Изменить стиль страницы

После этой операции осажденные заметно приуныли, а побеги из крепости участились. Вся вторая половина августа прошла в перестрелках, в попытках персов в одиночку и небольшими группами выбраться из крепости. Русские испытывали недостаток в провианте; правда, до некоторой степени он смягчался походами групп фуражиров в Эчмиадзин, откуда привозили накошенный хлеб. 22 августа посланный с этой целью отряд майора Левицкого при возвращении в лагерь попал в окружение, но успел занять неприступную позицию. На выручку ему отправился отряд майора Майонова с приданной ему пушкой. Несмотря на яростные атаки персов, оба отряда не только благополучно вернулись с ничтожными потерями, но и сумели доставить значительную часть запасенного провианта. Как ни странно, персы не сумели организовать действенную блокаду русского лагеря, несмотря на огромное превосходство в силах и в особенности в кавалерии. Отряды, посылаемые Цициановым, без особых проблем добирались до Эчмиадзина и доставляли столь необходимые жизненные припасы. В середине августа выяснилось, что в Эривани запасы муки почти закончились, но имеется значительное количество зерна. Тогда Цицианов решил отвести воду от канала, который приводил в движение колеса шести городских мельниц. Ход оказался очень удачным. Как записал у себя в дневнике Сымонович 27 августа 1804 года, «в полдень выходили из крепости человек до 50-ти, чтобы отведенную нами от мельницы воду опять привесть по-прежнему, но по перестрелке прогнаны без успеха. Ночью также покушались, но не допущены ружейными выстрелами».

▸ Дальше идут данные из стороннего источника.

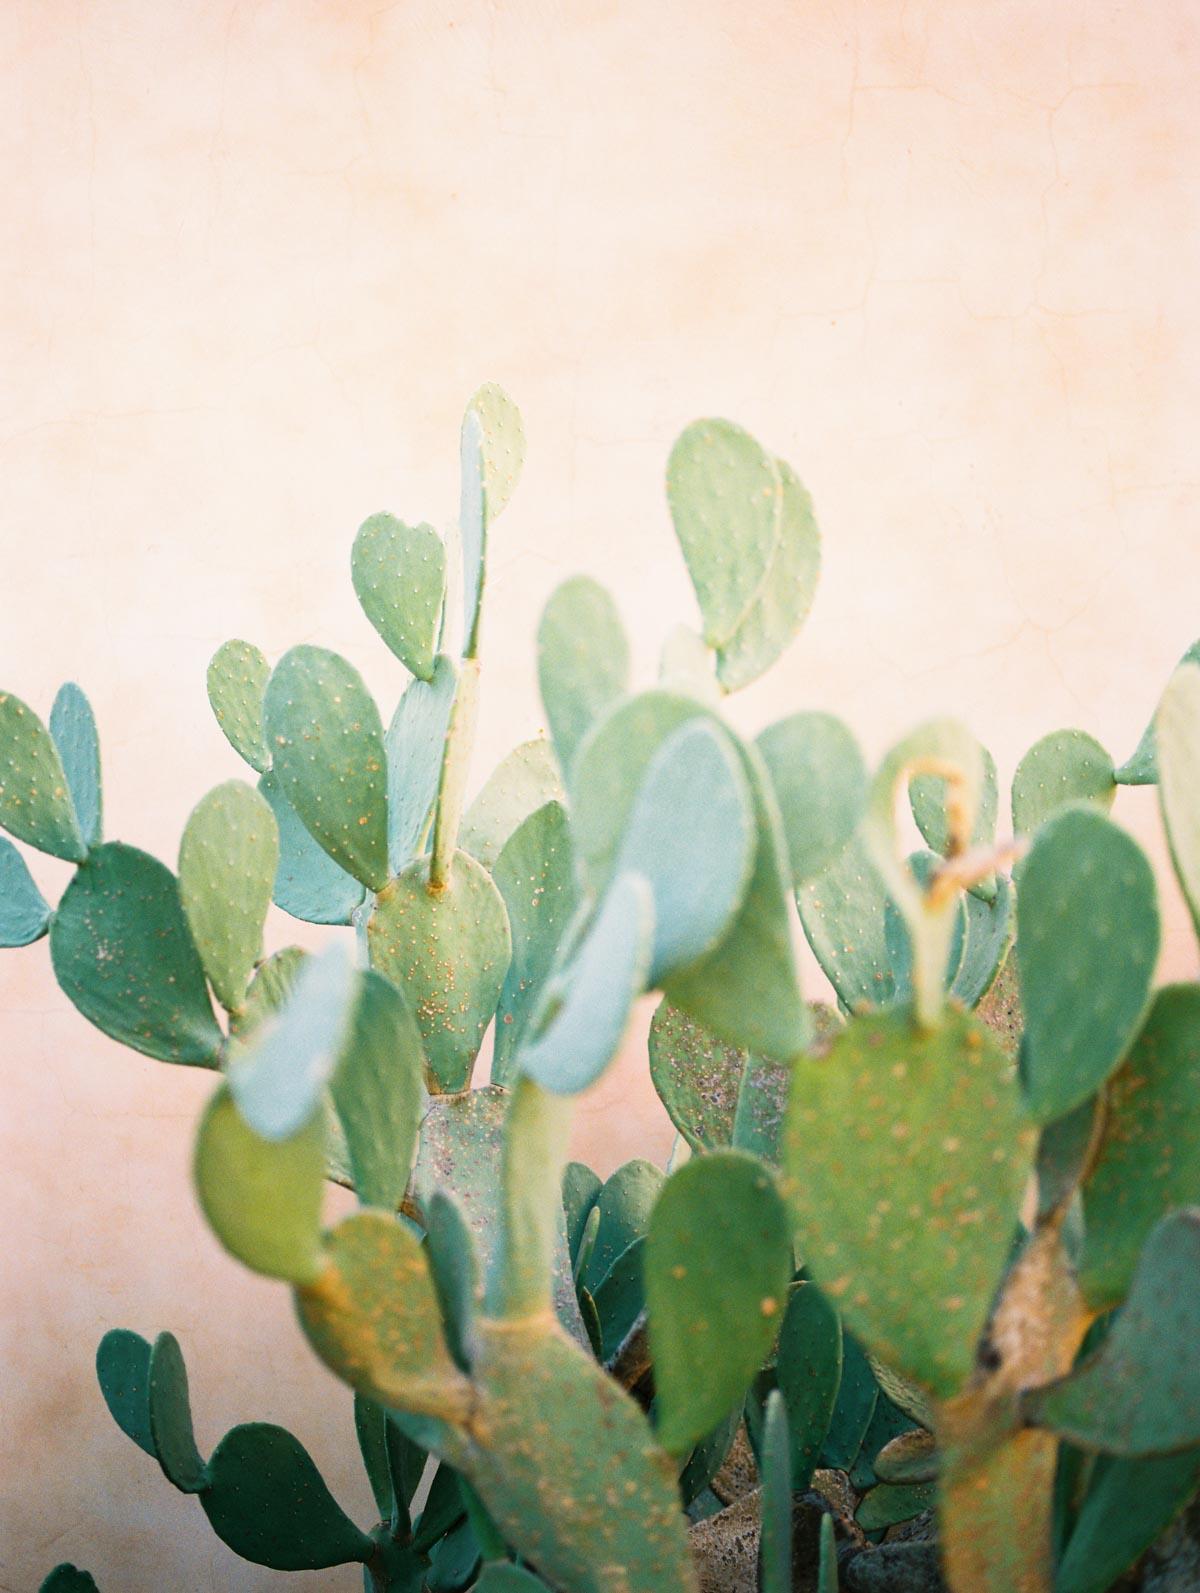 prickly-pear-cactus.jpg

Понеся значительные потери в открытом бою, Баба-хан решил одолеть Цицианова измором, отрезав его от Грузии. Ситуация становилась критической: хлеба не хватало — солдаты получали только четверть рациона. Пшеница, которую ранее косили солдаты, была сожжена персами на корню. Иссякли запасы водки и уксуса — средств, которые использовались для профилактики кишечных заболеваний. Чтобы не допустить появления дизентерии, русские солдаты из кислых и недозрелых плодов варили особый квас. Кроме того, они сушили листья полевого хрена, делали из них отвар, смешивали с фруктовым квасом и ставили для брожения; «через два дня получался весьма острый и крепкий напиток, укрепляющий желудок»[739].

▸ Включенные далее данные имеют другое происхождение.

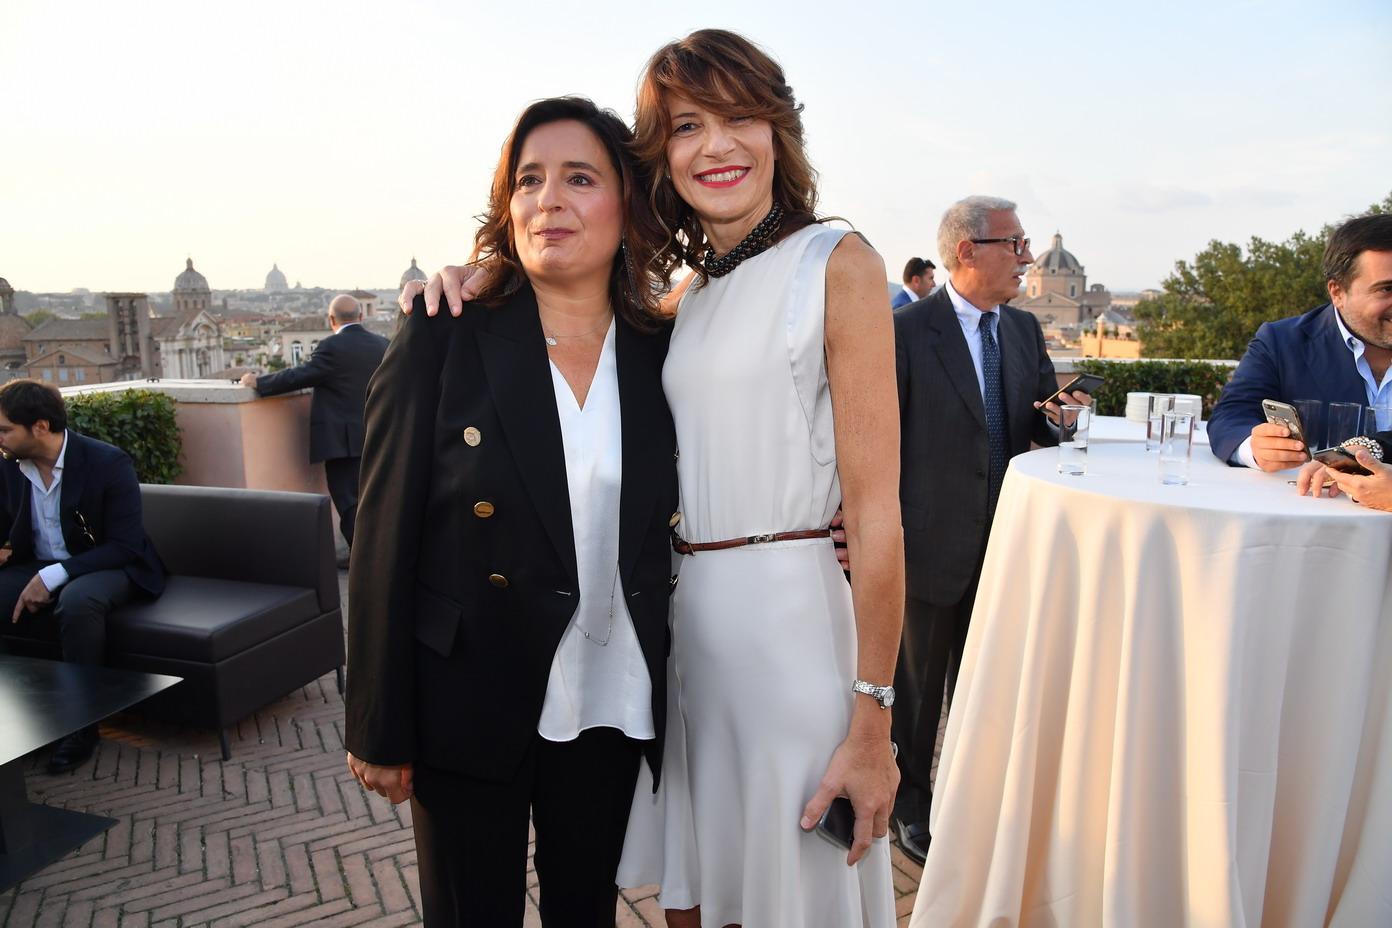 Sabrina Florio, Silvia De Dominicis

Для доставки в лагерь необходимого провианта в крепость Караклис, где были собраны припасы, отправился отряд подполковника Монтрезора. Из всех полков отобрали сто лучших солдат, каждому выдали по сотне патронов. При поддержке трех легких пушек и грузинских милиционеров под командованием генерал-майора И. Орбелиани они должны были совершить быстрый ночной марш. Однако противник узнал об этом предприятии и окружил отряд превосходящими силами. Все предложения о сдаче Монтрезор и Орбелиани отвергли и отбивались несколько дней. Только после того, как кончились боеприпасы, а солдаты стали падать от усталости и жажды, персам удалось одержать победу. В живых осталось всего несколько человек. На месте гибели Монтрезора недалеко от села Сарали Эриванской губернии в 1805 году был установлен каменный памятник, эпитафию на котором, по преданию, написал сам Цицианов. Однако в 1827 году сильнейшее землетрясение разрушило монумент, и в 1840 году возвели новый пятиметровый обелиск. За его сохранностью поручили следить расквартированному неподалеку 15-му гренадерскому Тифлисскому полку[740].

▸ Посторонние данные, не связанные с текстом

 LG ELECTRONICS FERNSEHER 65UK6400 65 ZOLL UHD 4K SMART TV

Монтрезор ранее успешно служил комендантом в Караклисе — важном пункте на пути между Эриванью и Тифлисом. Чтобы разом развеять у местных мусульман мысли о возможности мятежа, он посадил под арест двух авторитетных старейшин. Но толкового офицера заменили никуда не годным — майором Саратовского полка Ходжаевым. Последний некогда служил в гвардии сержантом, был в Персидском походе 1796 года «за переводчика», а затем исключен «по случаю неявки в полк». Обычно под такой формулировкой скрывалось элементарное дезертирство. Ираклий II «принял его в мнимую свою артиллерию капитаном, каковые чины он и кизлярским армянам раздавал за две головы сахара». Поскольку по условиям принятия Грузии в состав России все сословия сохраняли свои права и привилегии, Ходжаев стал капитаном уже русской службы, «…и как оказалось, что он не токмо артиллерийскую науку, но и арифметику не знает, то и написан в гарнизон, а через год пожалован чином по введенному закону по одному в полку производить в майоры». Новый комендант допустил грубейшую ошибку, освободив знатных арестантов. Не опасаясь за жизнь заложников, «татары» подняли мятеж и напали на отряд Монтрезора. Автор, описавший эту историю, посчитал нужным завершить свое повествование так: «При рассказах о сем деле я никогда не могу равнодушно слышать, что предание, сохраняя память о подвиге отряда Монтрезора, передает потомству только его имя, не упоминая о храбрых его сподвижниках. Если б было возможно, я хотел бы сделать известным даже всех простых воинов, участвовавших в сем деле. Чувства заставили меня выставить исчисленные здесь имена». Однако списки солдат не сохранились. Известно, что участь своего начальника разделили прапорщики Чирец и Верещага, поручик Ладыкин[741].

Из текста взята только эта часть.